In most instances dissection occurs during the last weeks of pregnancy. In that case the only acceptable strategy is to perform caesarean delivery just prior to aortic surgery. This is the only way to give both mother and child the best chances to survive. This was the case in two patients in the present report. Indeed, both mothers and both children survived and had a satisfactory long-term outcome.

Conversely, electing natural vaginal delivery in presence of acute dissection, as in one case reported here, is certainly erroneous. The important haemodynamical stress entailed by natural delivery, even under epidural anaesthesia and with the aid of forceps, represents undoubtedly a major danger of aortic rupture, tamponnade or extension of the dissecting process. Such a choice could even be considered as malpractice should the mother’s condition suddenly deteriorate during delivery.

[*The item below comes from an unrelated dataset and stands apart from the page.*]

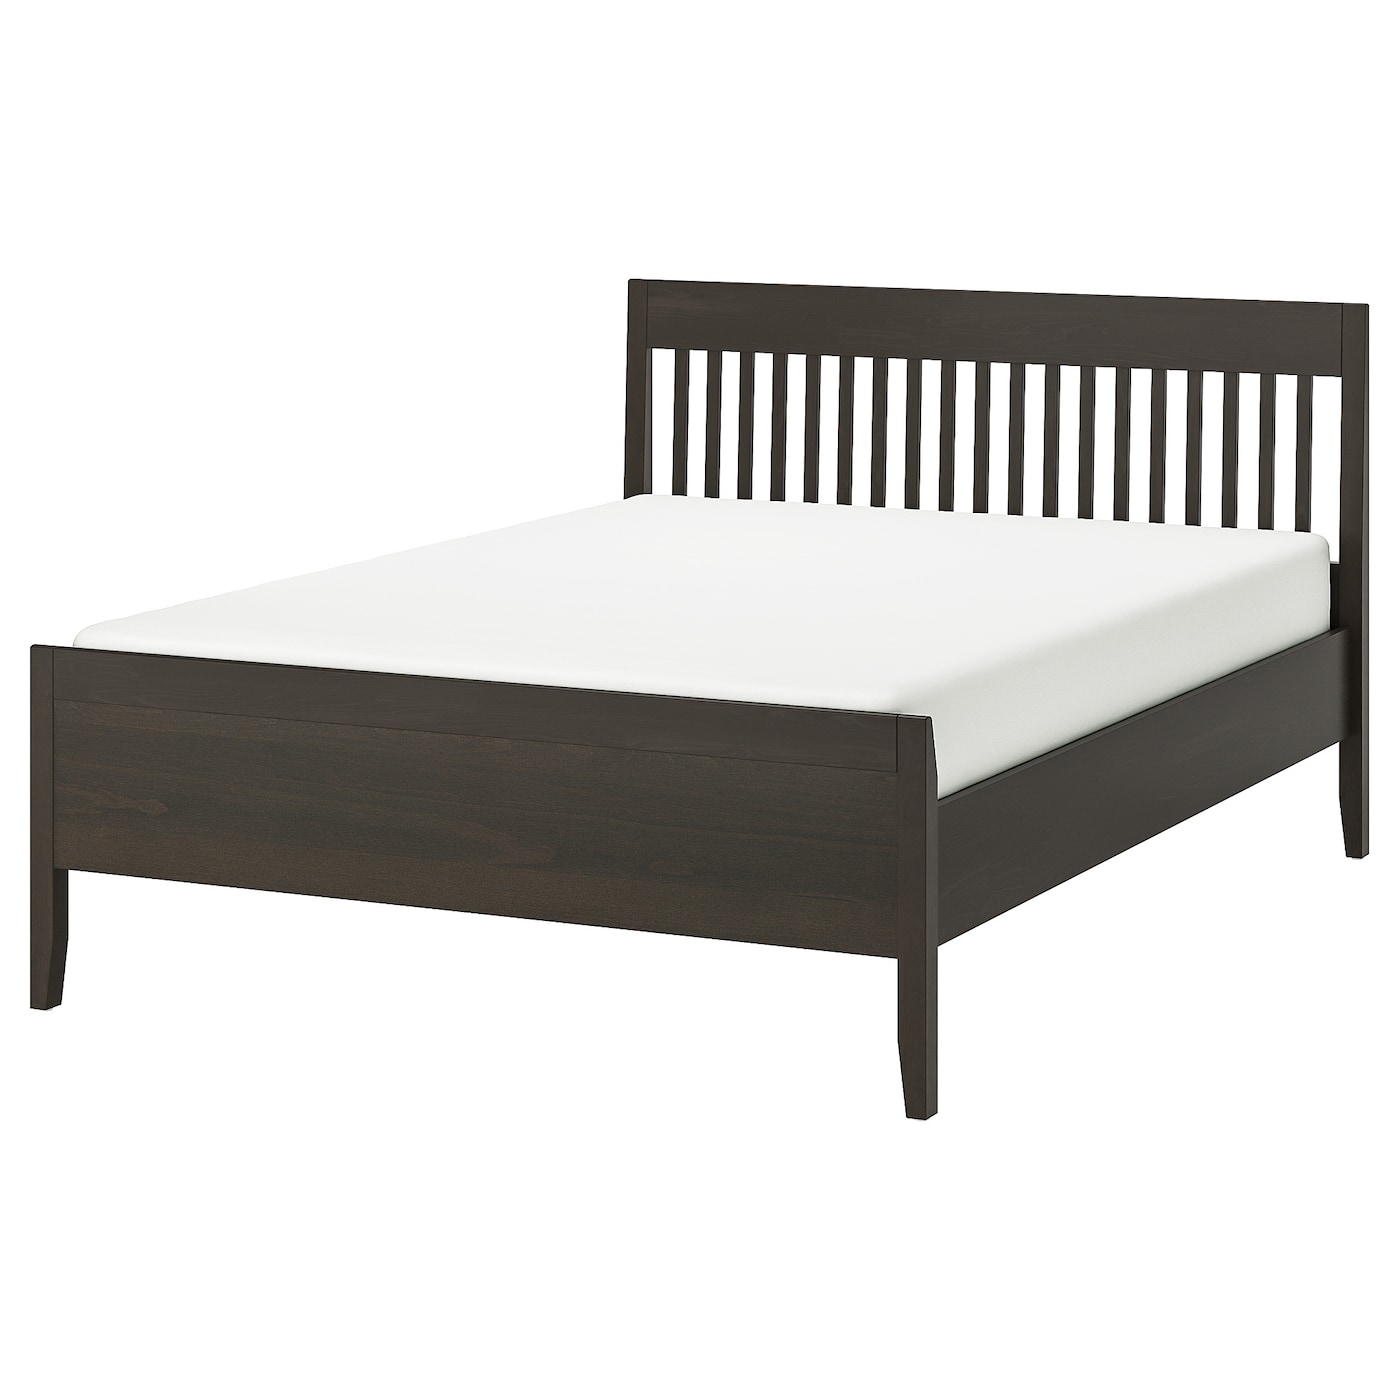 Каркас кровати - IKEA IDANÄS/IDANAS, 200х140 см, темно-коричневый, ИДАНЭС ИКЕА

The most delicate situation is encountered when acute dissection occurs before the 26th week of pregnancy with a non-viable foetus, implying that any caesarean section would result into foetal death.

Probably, the best option is to undertake aortic surgery with the foetus in utero hoping that it would survive the procedure. In that case the surgical technique must take into account this highly constraining parameter and must certainly be altered as compared to the usual methods. In particular, the too frequent and useless resort to deep hypothermia associated with circulatory arrest (DHCA) must be absolutely avoided. A brief survey of the literature shows that using DHCA in pregnant patients almost always results in foetal demise or in survival with major neurologic disorders and eventual death of the child. Acute dissection can perfectly be cured at moderate hypothermia with continuous full flow perfusion, especially in Marfan patients in whom the main intimal tear is generally located in the ascending aorta. To prevent malperfusion, cannulation of the right axillary artery must absolutely be preferred to that of the femoral artery which, obviously, has resulted in foetus demise and mother’s death in one case of the present report. Even though it is not on fashion and does not quite correspond to the present ‘gold standard’ of dissection surgery, the ascending aorta may be cross-clamped and the aortic root and ascending aorta replaced under permanent full flow CPB associated with foetal monitoring. This is the only way to try getting both individuals alive and well.

Evidently, when facing the dreadful catastrophe of acute type A dissection in a young pregnant Marfan patient, we must recruit all our intellectual and technical forces and means to perform an operation resulting in a living mother and a normal baby. But, if for any technical, anatomical or pathological reason, this is not possible and a choice has to be made, all efforts must be done to preserve the mother’s life even at the costs of foetus survival. To date, at least, this has always been the attitude recommended by either the medical profession or moralists. This is particularly true when acute dissection occurs in Marfan female patients who already have a family with other children. Marfan’s syndrome is classified as an ‘orphan disease’. It becomes a double tragedy when it turns into an ‘orphan’s disease’.